◆ **Task goal**: Take the lines from the one with "McKlein 88194 20" to the end of the listing, both ends included, and quote them exactly, leaving pictures out.

◆ **Given information**:
----

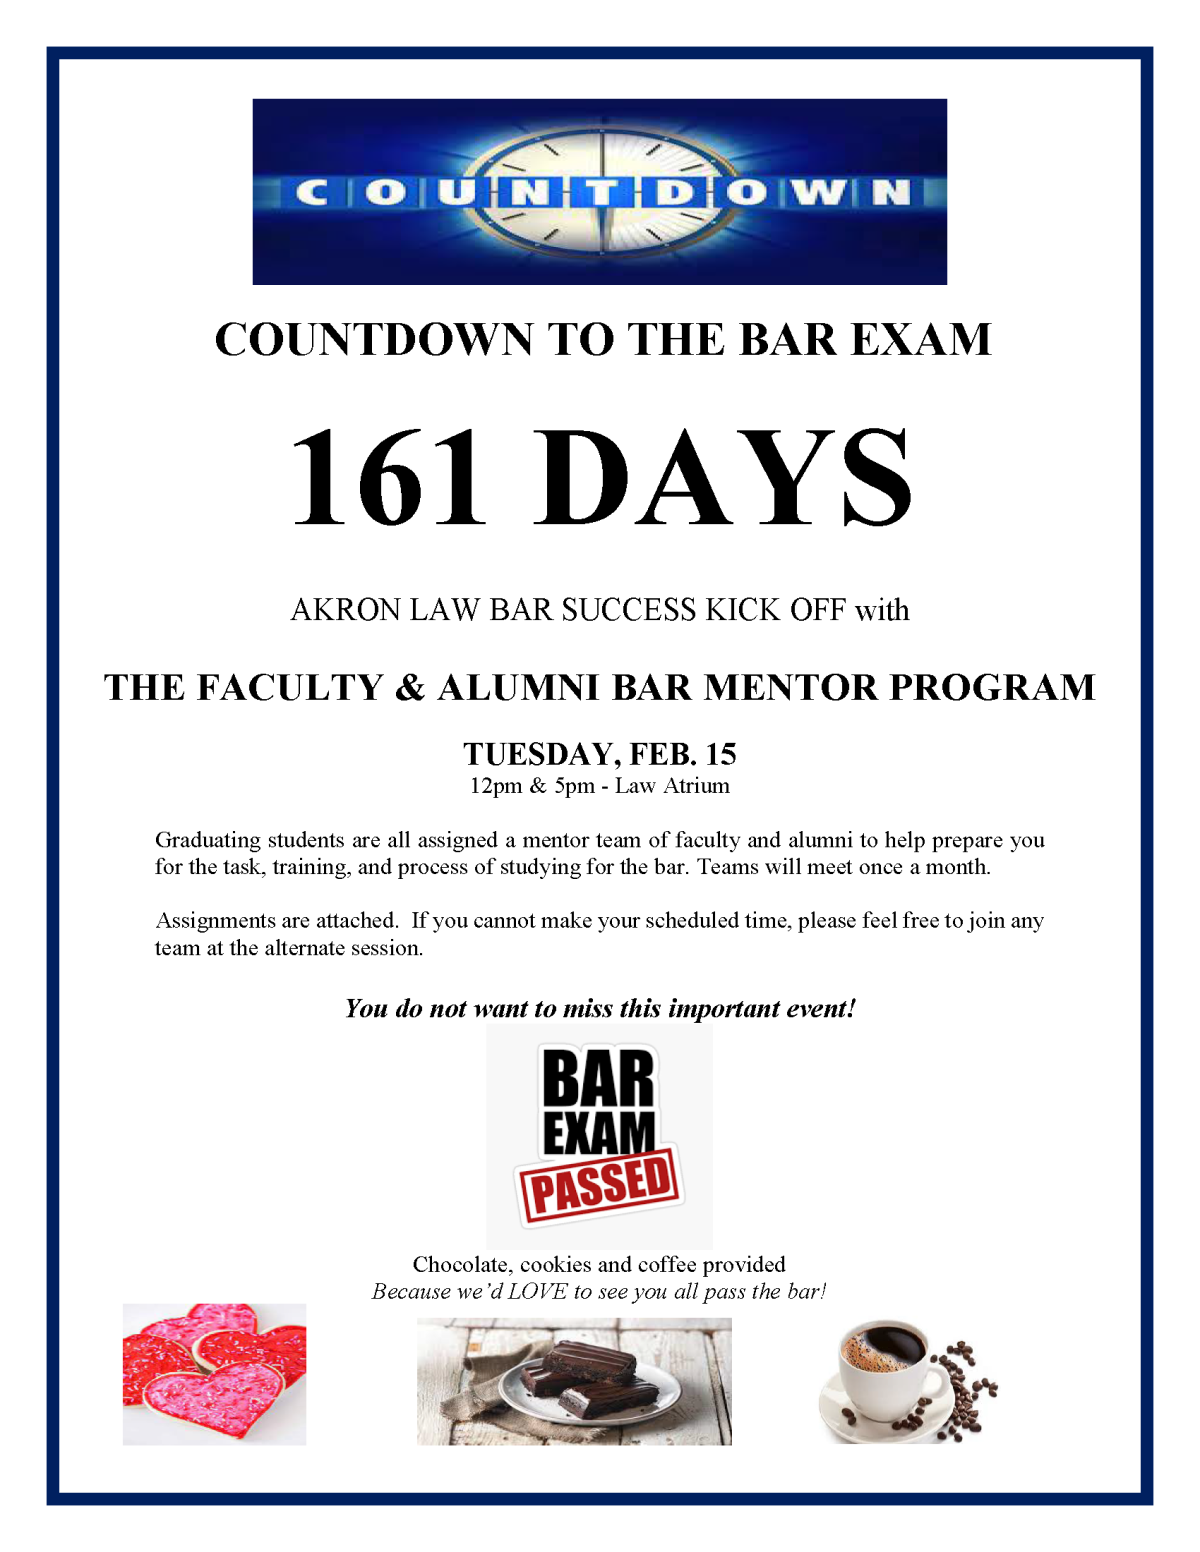 COUNTDOWN TO THE BAR EXAM
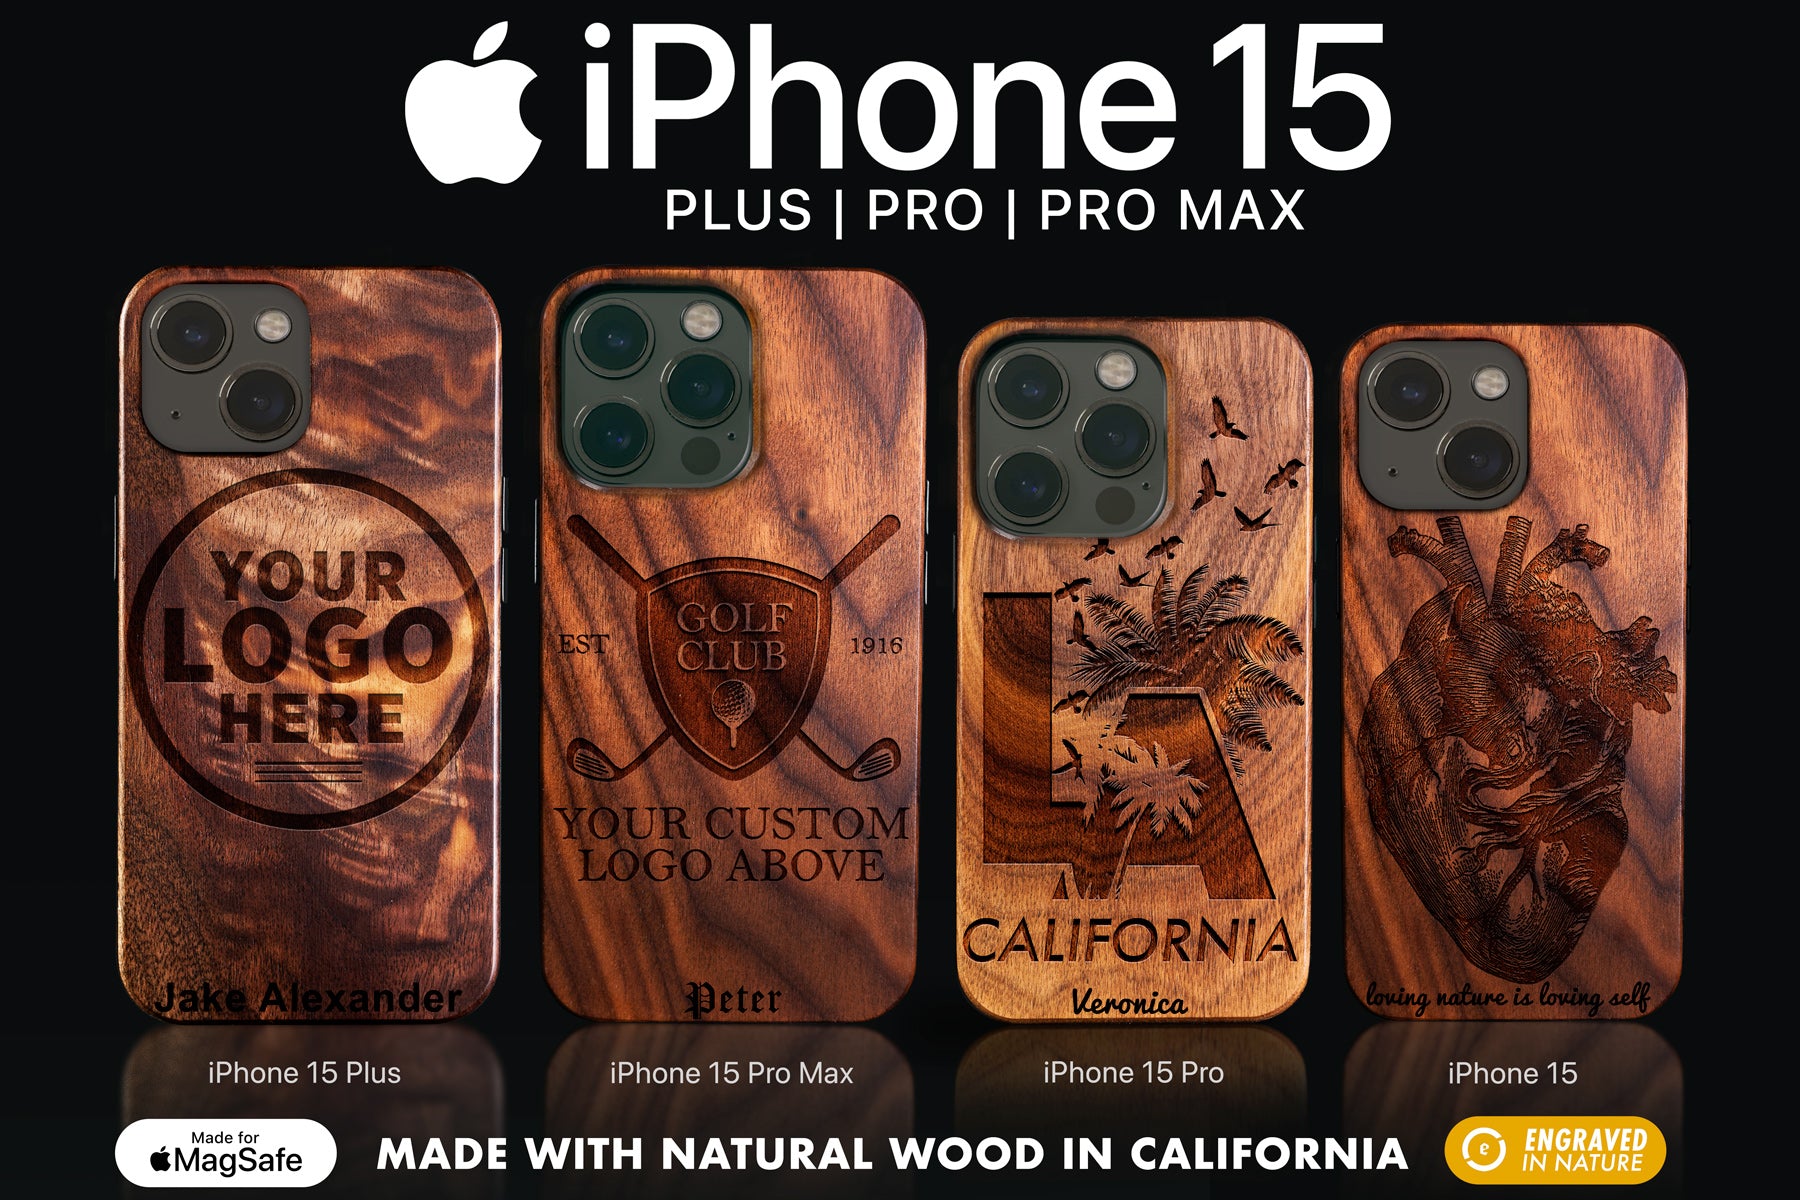 2022 Best iPhone 15 Pro Max Cases - Custom Anime iPhone 15 Pro Max Cases - Customized Monogrammed Wood Carved MagSafe iPhone 15 Pro Max Cover Anime Art iPhone 15 Pro Max Covers | Design Your Own Case by Engraved In Nature
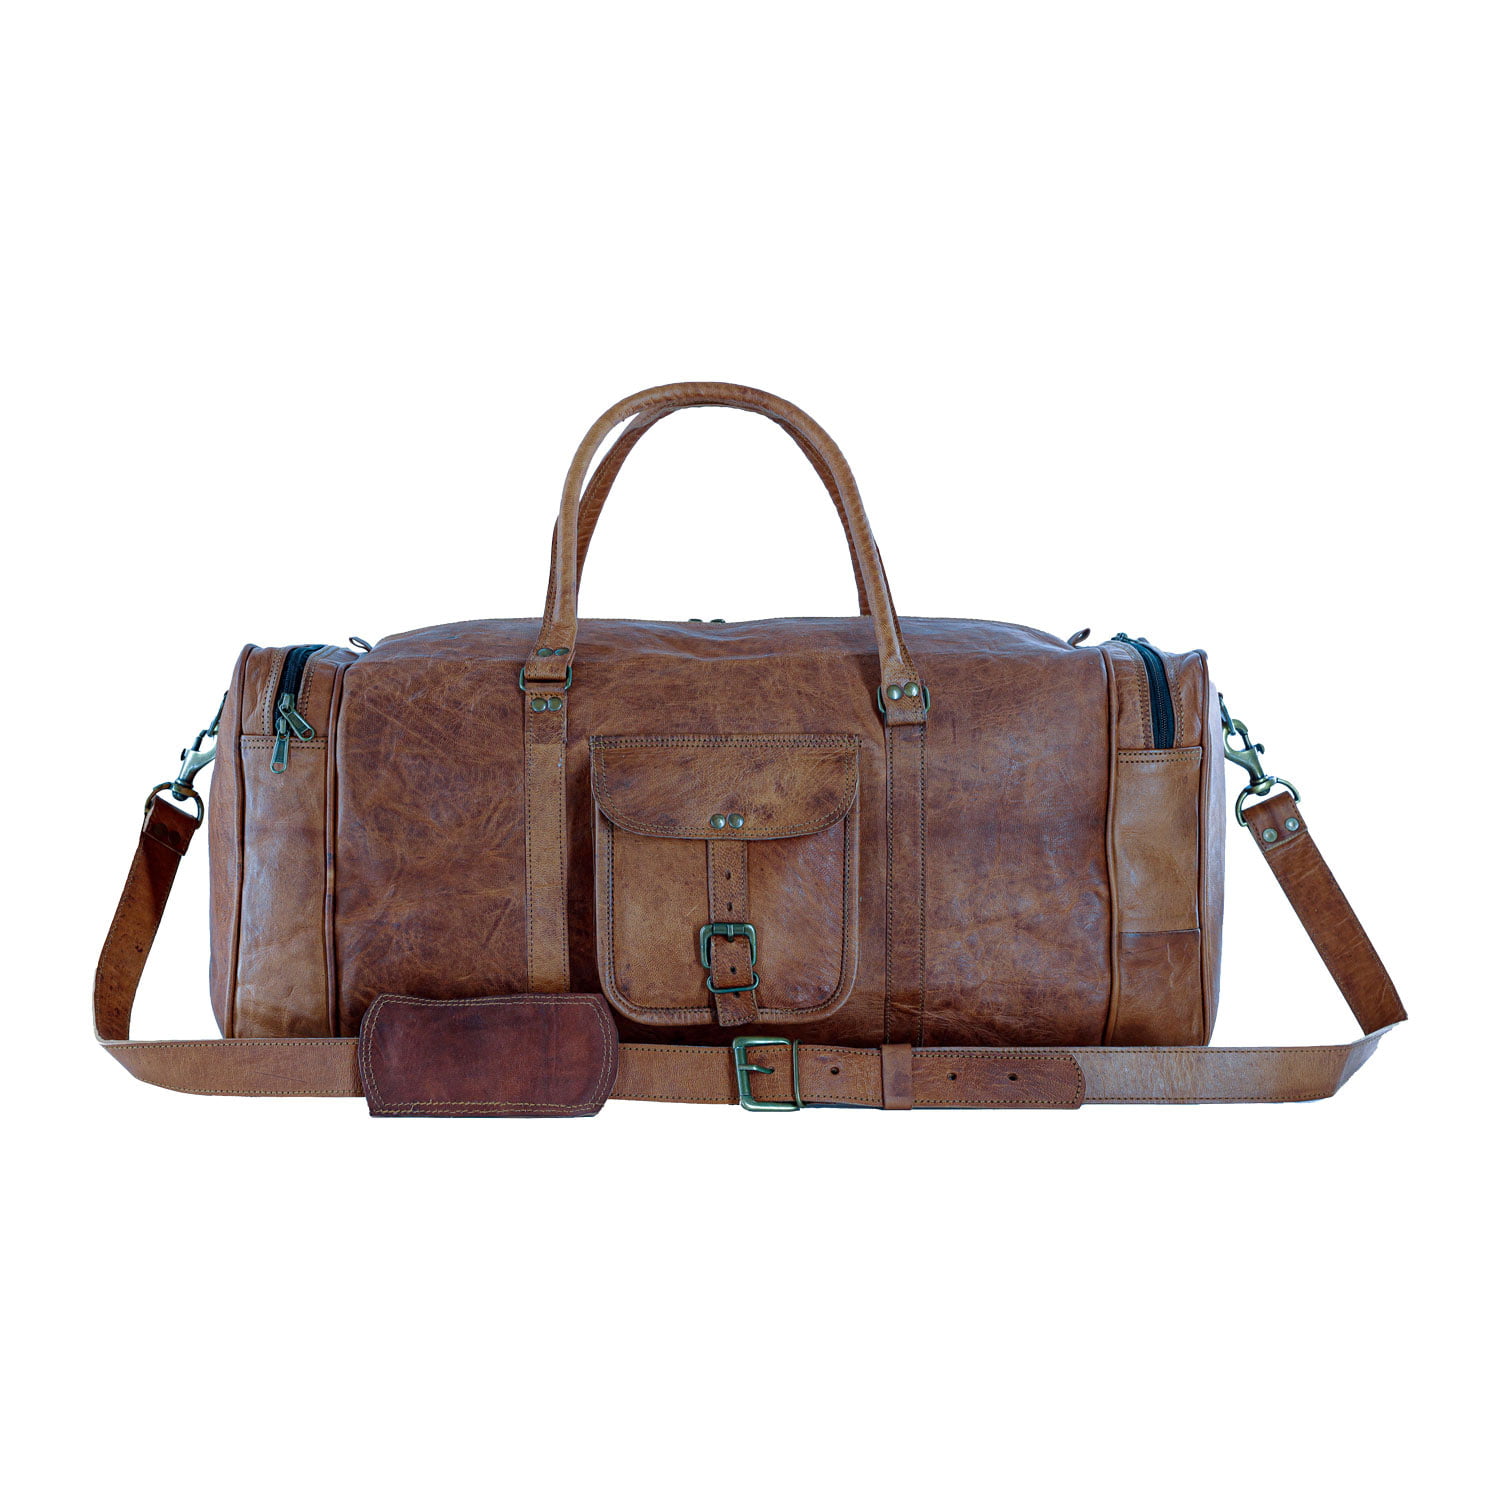 McKlein 88194 20 in. Kinzie Carry-All Leather Duffel, Brown
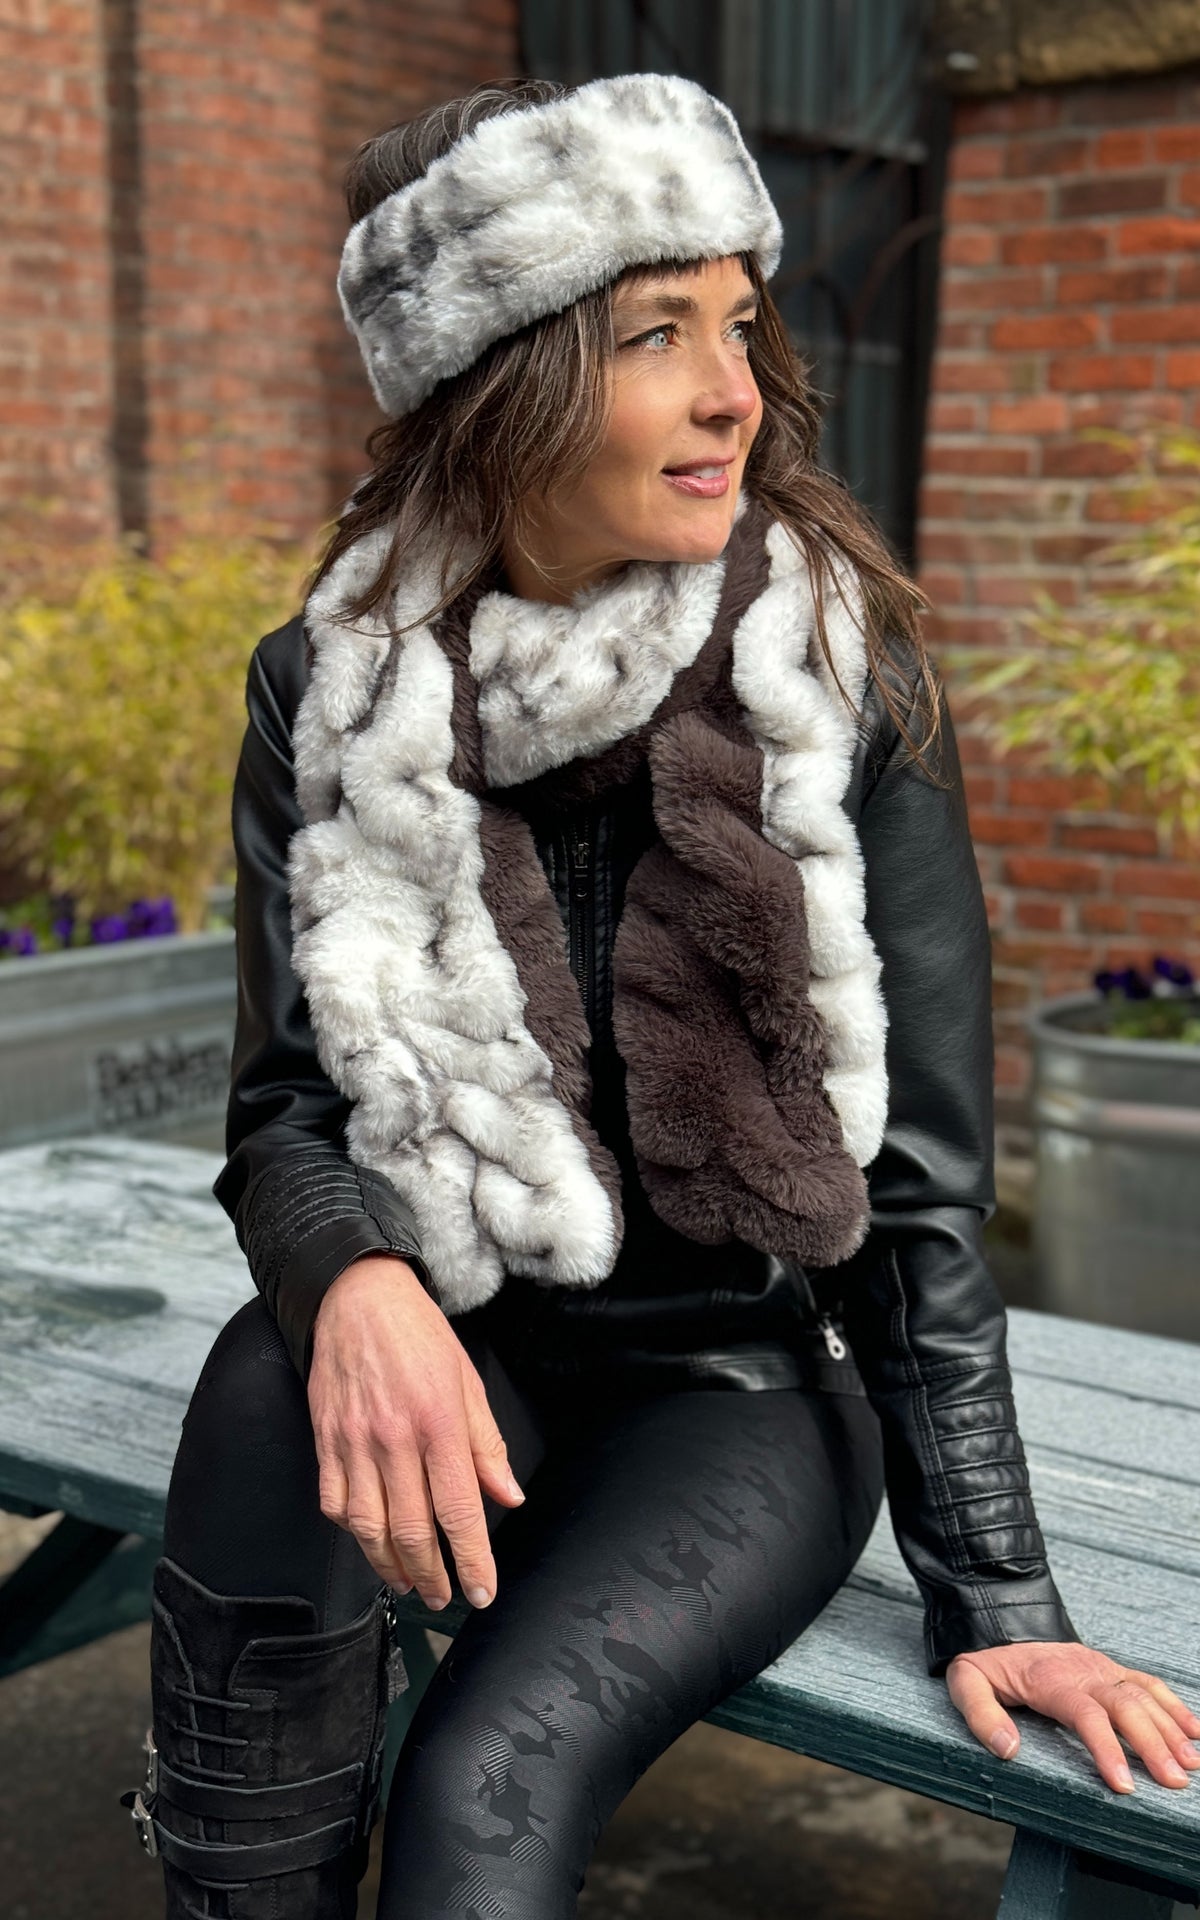 Two-Tone Scarf and Ear Neck Cozy Narrow on model | Aspen and Mink Gray  Royal Opulence Faux Fur | Handmade USA Pandemonium Seattle

----

◆ **Written solution**:
 McKlein 88194 20 in. Kinzie Carry-All Leather Duffel, Brown
 Two-Tone Scarf and Ear Neck Cozy Narrow on model | Aspen and Mink Gray  Royal Opulence Faux Fur | Handmade USA Pandemonium Seattle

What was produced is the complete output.